The properties of the 7-cluster structure have natural interpretations in the language of Hidden Markov Models. Locations of clusters in a multdimensional space correspond to in-state transition probabilities, the way how clusters touch each other reflects inter-state transition probabilities. Our clustering approach is independent of the Hidden Markov Modeling, though can serve as a source of information to adjust the learning parameters.
In this paper we have analyzed only triplet distributions. It is easy to generalize our approach for longer (or shorter) words. In-phase hexamers, for example, are characterized by the same 7-cluster structure. However, our experience shows that most of the information is contained in triplets: the correlations in the order of codons are small and formula (8) works reasonably well. Other papers confirm this observation (see, for example, [1, 7]).
The subject of the paper has a lot of possible continuations.

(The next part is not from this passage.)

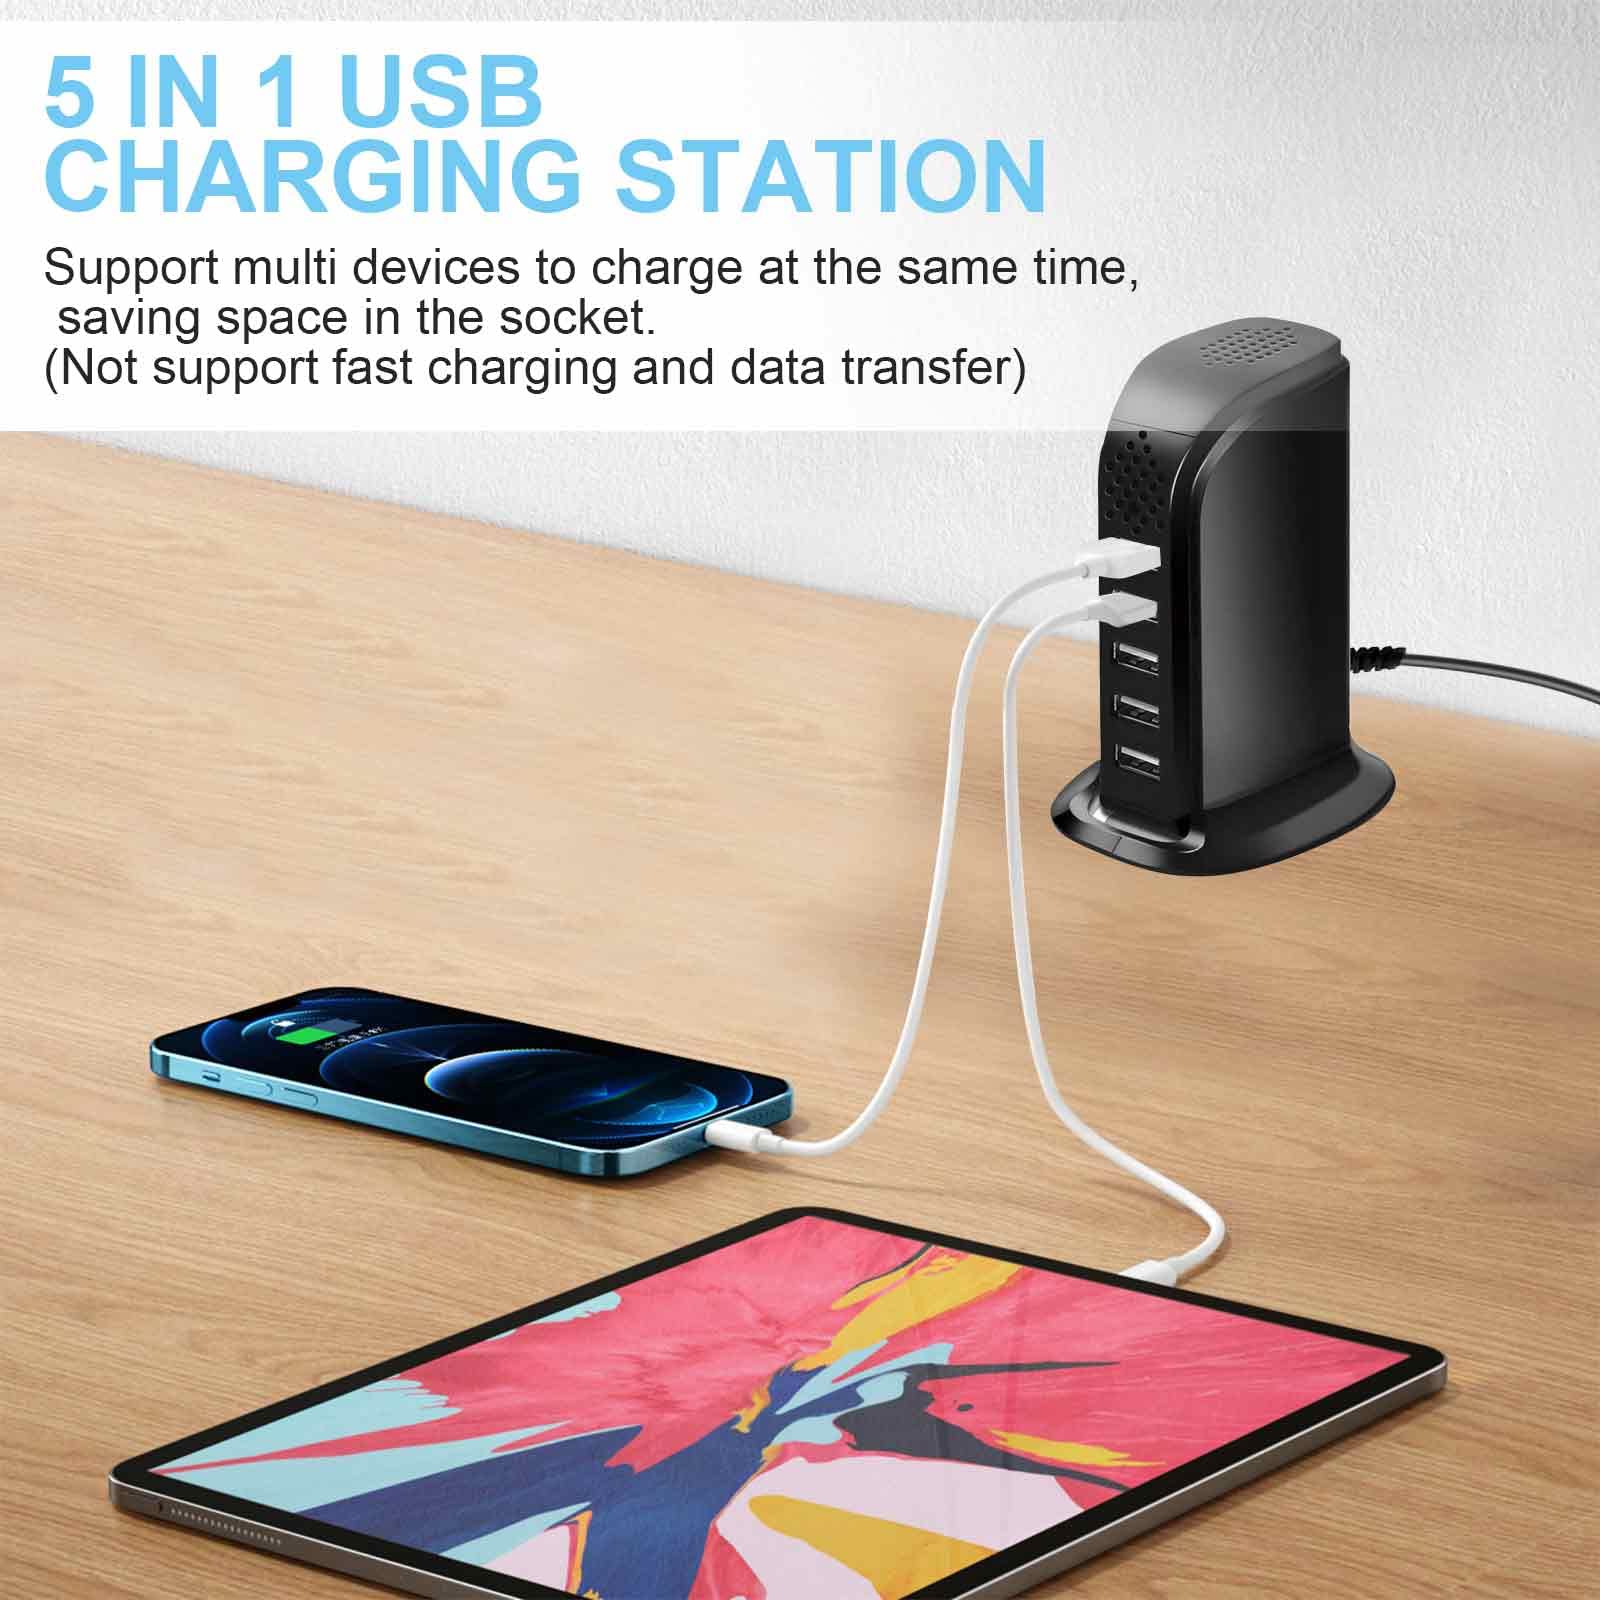 WiFi USB Charger Hidden Camera, Indoor Security Spy Camera with 1080P HD Video Recording, APP Remote View, Motion Detection Alarm Push, 5-Port USB Charging Station, Secret Nanny Cam for Home/Office

There are several basic questions: how can one explain the one-dimensional model of codon usage or why have the signatures palindromic structures in the middle of G+C-content scale? There are questions about how our model is connected with codon bias in translationally biased genomes: the corresponding cluster structure is the second hierarchical level or the "thin structure" in every cluster of the 7-cluster structure (see, for example, [34]). Also the following question is important: is it possible to detect and use the universal 7-cluster structure for higher eukaryotic genomes, where this structure also exists (see [9]), but is hidden by the huge non-coding cluster?
The information about the 7-cluster structure can be readily introduced into existing or new software for gene-prediction, sequence alignment and genome classification.